As pointed out in the comments, there is no way to make it safe, as methyl vinyl ketone itself is a very nasty compound.
I am also not an expert on organic synthesis, but I found some procedures, that might help you in adopting a synthetic route. The one you suggested might work, but be aware, that you are dealing with a methyl ketone, which can undergo the haloform reaction quite easily.
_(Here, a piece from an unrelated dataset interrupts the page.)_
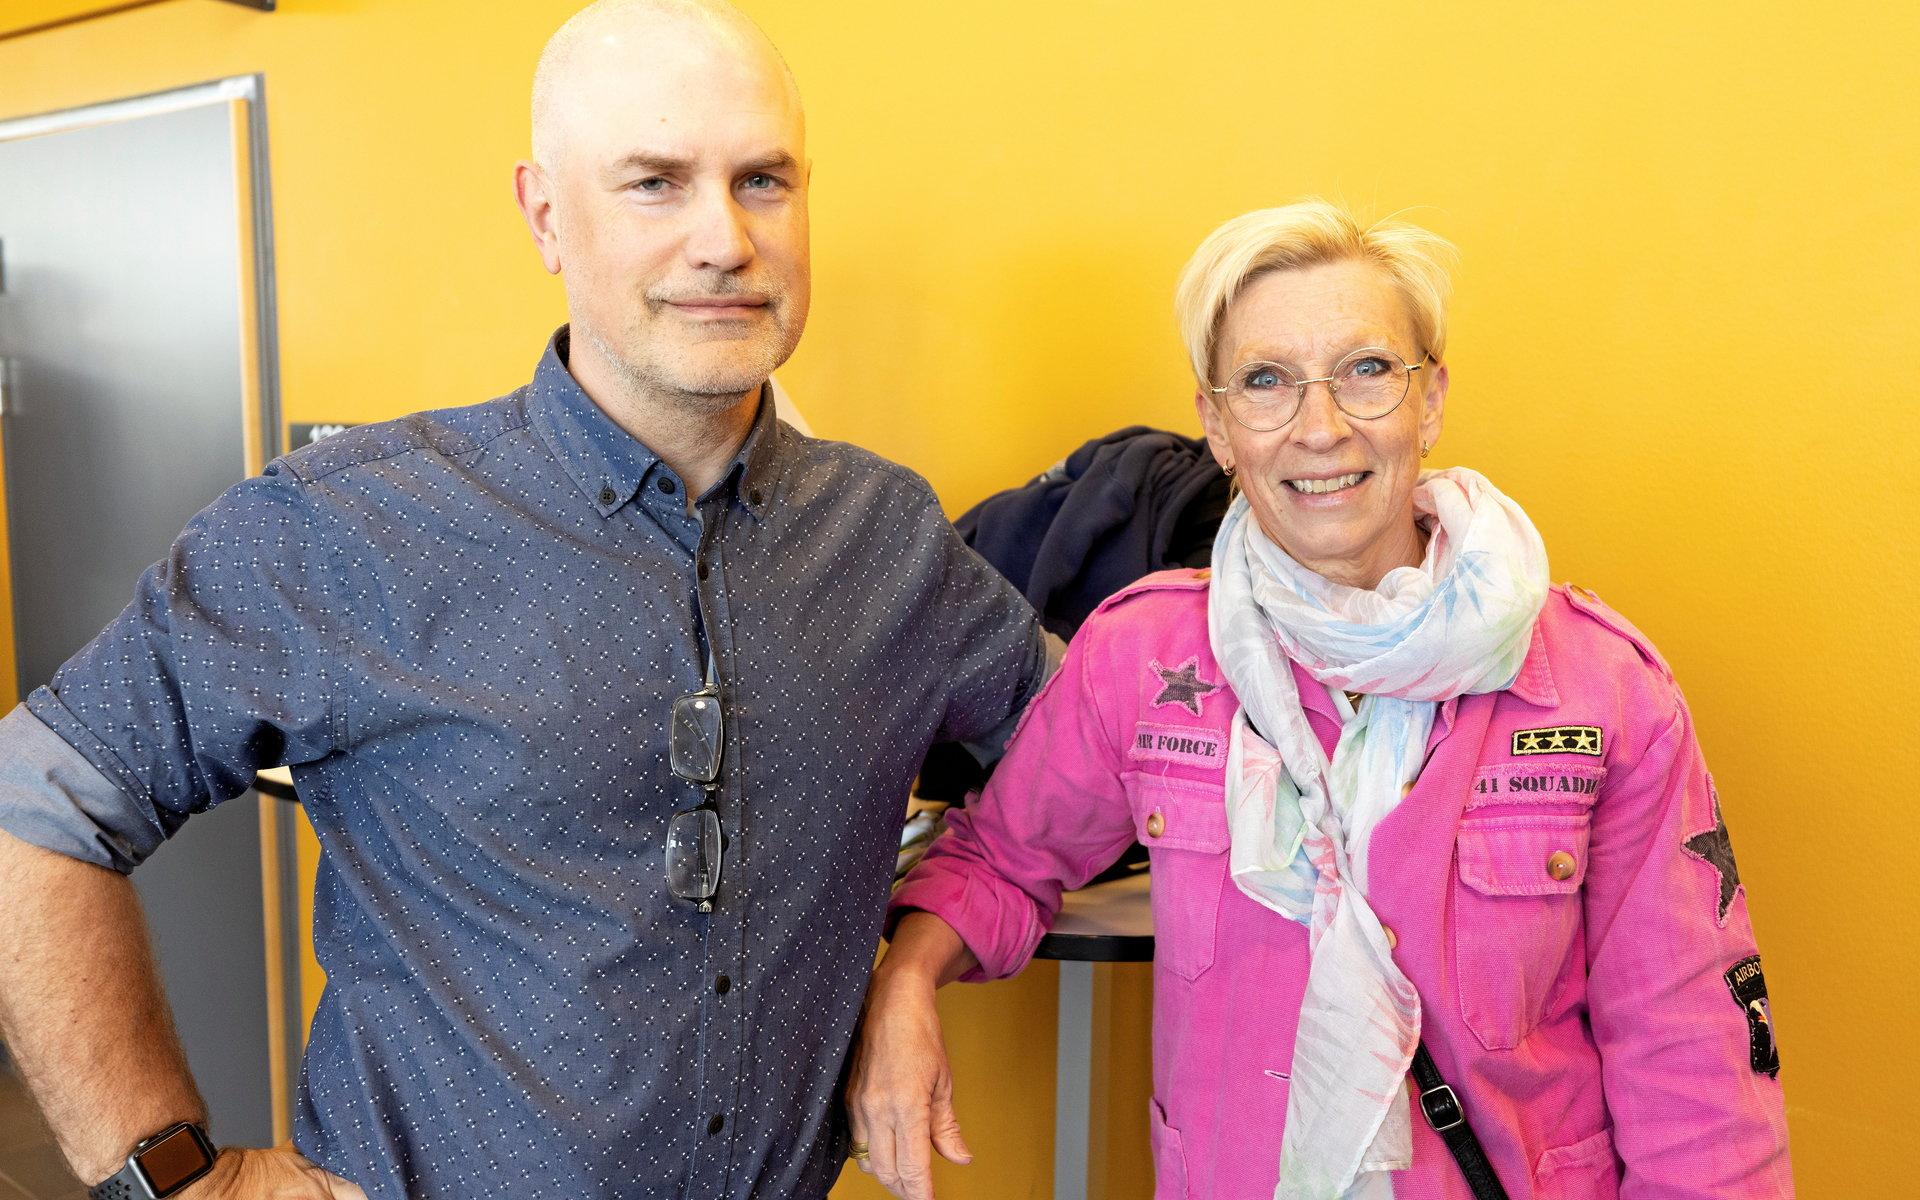 Johan och Anette Berander. Han är läkare och egenföretagare. Hon jobbar på Falkenberg Energi. ”Det här är ett av Sveriges bästa näringslivsdagar. Andra kommuner är avundsjuka på oss”, menar Anette.

For example, in  they describe the bromination with bromine and absolute methanol at the methyl group for 3-methyl-2-butanone at a nice moderate temperature range 0-10 °C. The yield is 95%. But this is not what you want. Adding an acid as catalyst might work in your favour though, as after protonation the partial positive charge is better stabilised at the higher substituted carbon.
In  they use N-bromosuccinimide and aqueous hydrogen bromide to introduce the halogen in α position. They convert hexanoic acid with thionylchlorid to the acid chloride and subsequently to 2-bromohaxanoylchloride. The reaction takes place in the also quite nasty carbon tetrachloride at about 85 °C. This might also work for your system, it's a bit warmer than you expected though.
In  they use sulfuryl chloride in carbon tetrachloride to convert pantane-3-one to 2-chloropentane-3-one at about 45 °C with about 80% yield. How selective this will work with an asymmetric ketone is not clear.
Once you have obtained the 3-halogeno-butan-2-one, things will not get easier. I found a patent , where they convert 3-chlorobutan-2-one via pyrolysis with sodium acetate at 500-550 °C.
I could not find a reference for an elimination, but that should also work as long as you use a bulky base.
Wikipedia  has a different route for the synthesis, which might be a bit more economical and easier.
Well, good luck!
- Org. Synth. 1976, 55, 24.
- Org. Synth. 1976, 55, 27.
- Org. Synth. 2002, 79, 251.
- J. R. Long: Preparation of methyl vinyl ketone. US 2256149 A, 16. 09. 1941.